LangGraph fits this requirement precisely. By modeling the agent as a state graph composed of nodes and edges, Persly can represent each decision step as an independent node and manage success, failure, and retry paths as explicit state transitions.

LangGraph Architecture

As a result, Persly's medical agent is not "a chain that runs once and ends," but a system that remembers state and accumulates judgment over time.

Only Agents That Pass Evaluation Are Deployed

Persly incorporates agent-level evaluation and deployment gating into its internal workflow.

Every Persly agent must pass all internal thresholds across the full set of metrics provided by OpenEvals within the following evaluation pipeline before it can be deployed:

Publicly released USMLE sample exam questions (309 questions, curated for evaluation)
A proprietary cancer-focused QA dataset built in-house (~10,000 QA pairs)
HealthBench-hard (1,000 questions)

These evaluations are fully automated through a LangSmith-based pipeline.
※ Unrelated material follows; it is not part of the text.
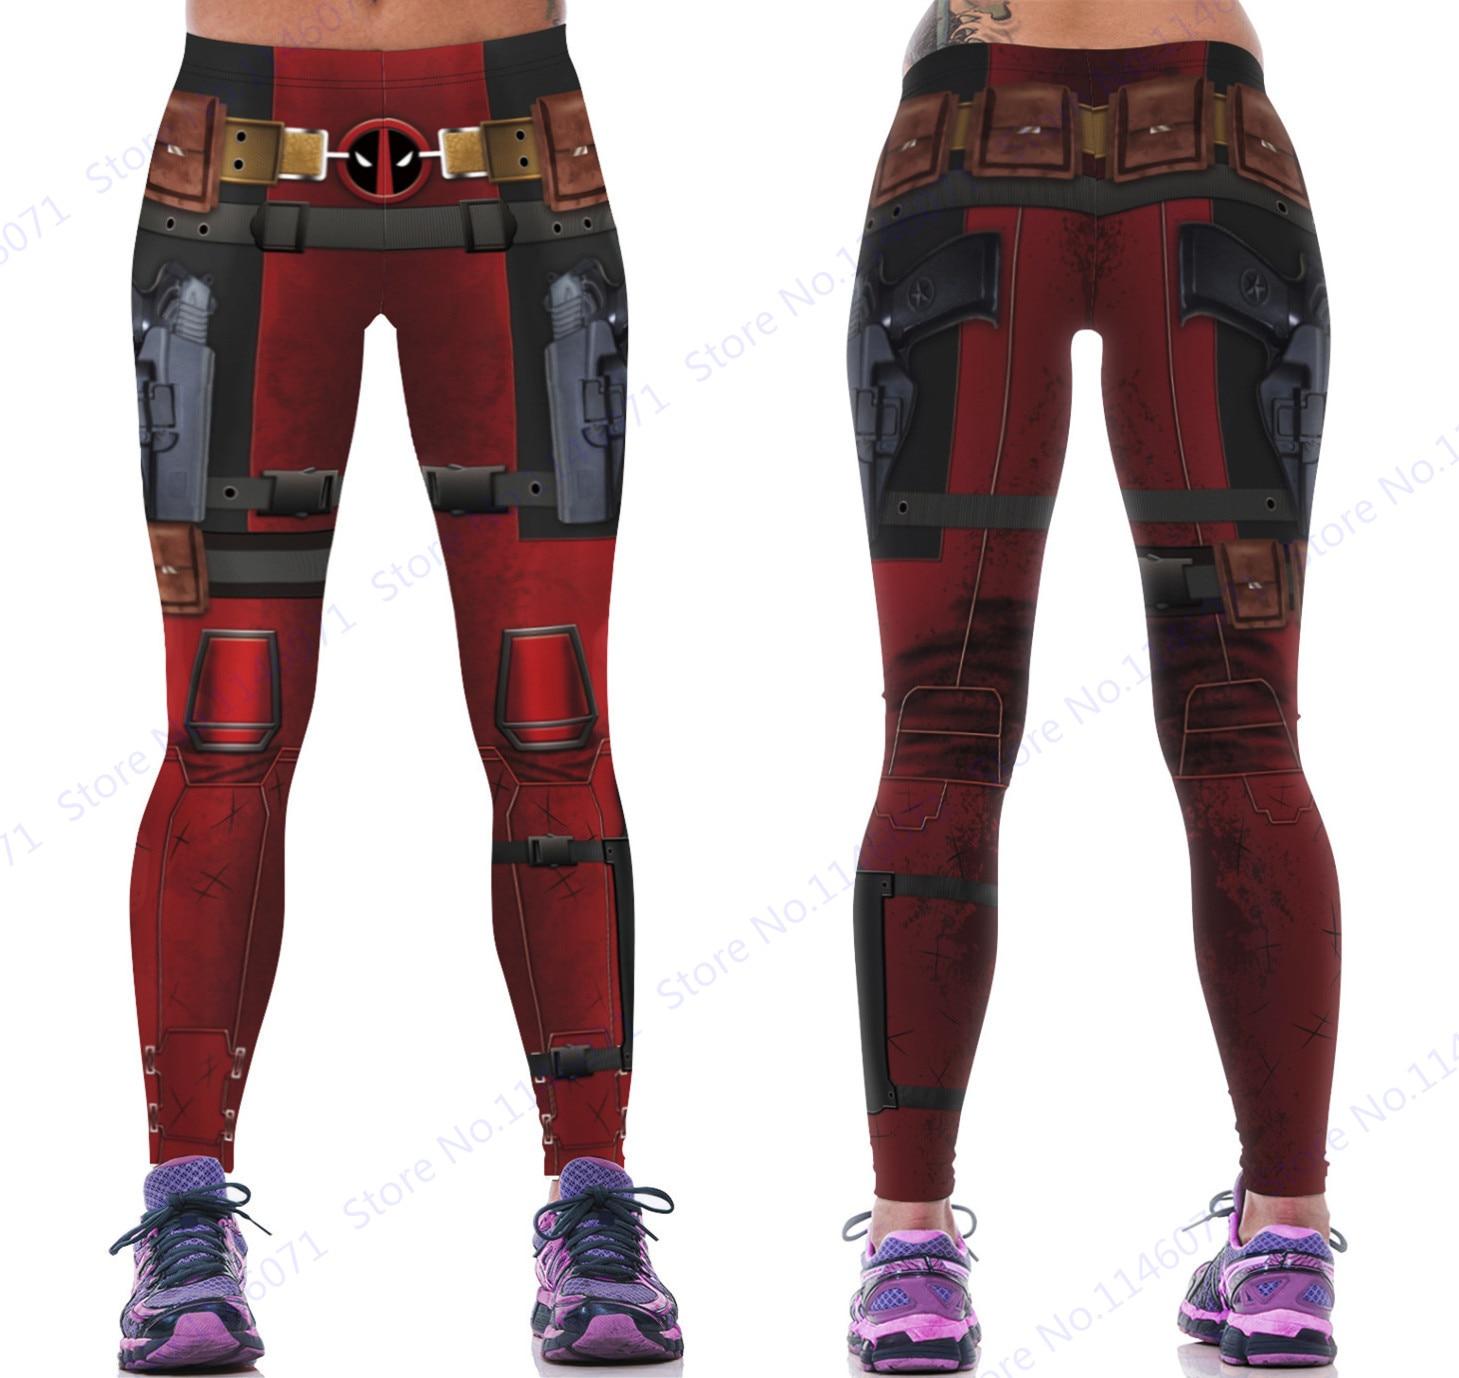 965c4d89a8a33 Deadpool Gym Yoga Pants Leggings Red Sexy Butt Lift Power Flex Pants  Stretchy Slimming Fitness Running Tights High Waist Women's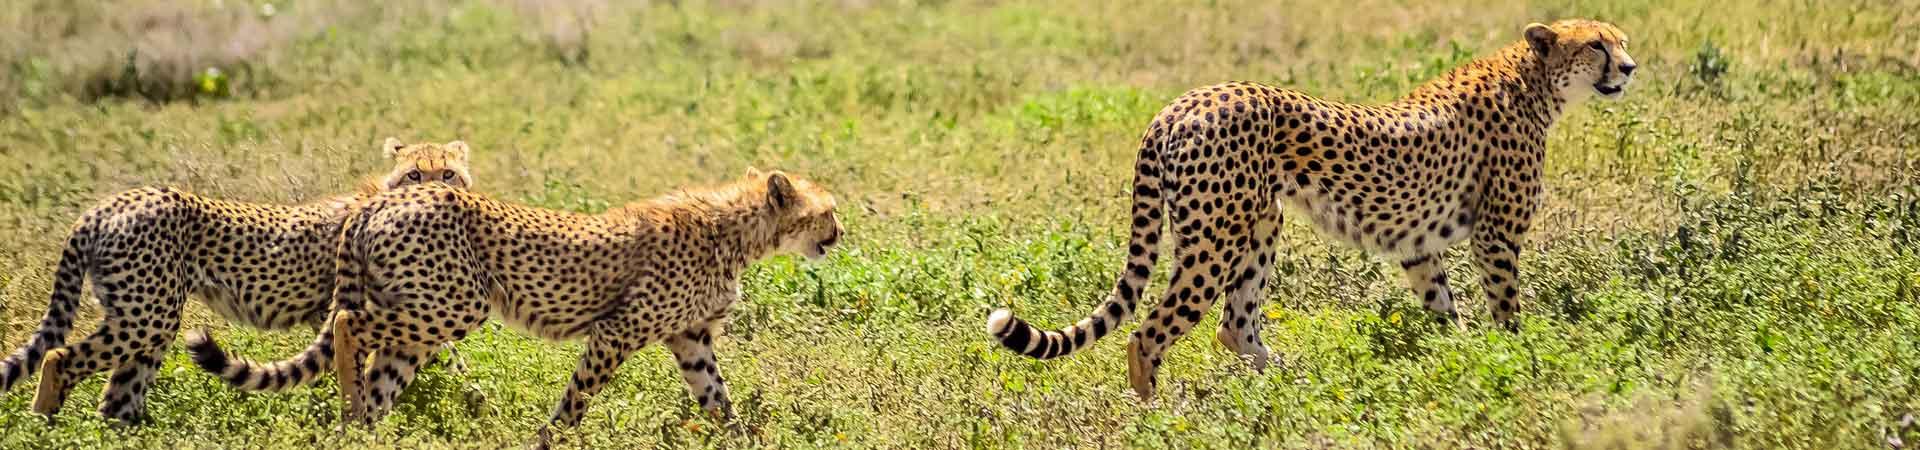 Cheetah-Serengeti National Park

All datasets are continuously updated in collaboration with domain experts, and the USMLE benchmark is curated from the latest publicly available questions.

LangSmith Evaluation Pipeline

LangSmith Dashboard

For example, even if an agent achieves high accuracy, it will not be deployed to production if its groundedness score fails to meet the required threshold. Instead, the agent is sent back for further refinement. This approach extends iterative refinement beyond academic experimentation and into the product lifecycle itself—an area rarely addressed in research papers.

Closing Thoughts

Recent research increasingly agrees on one point: LLMs are evolving away from systems that produce answers in a single pass, toward architectures that review and revise their own outputs. Persly follows this direction, but asks a more practical question:

What additional safeguards are required to operate this structure safely in the real world of healthcare?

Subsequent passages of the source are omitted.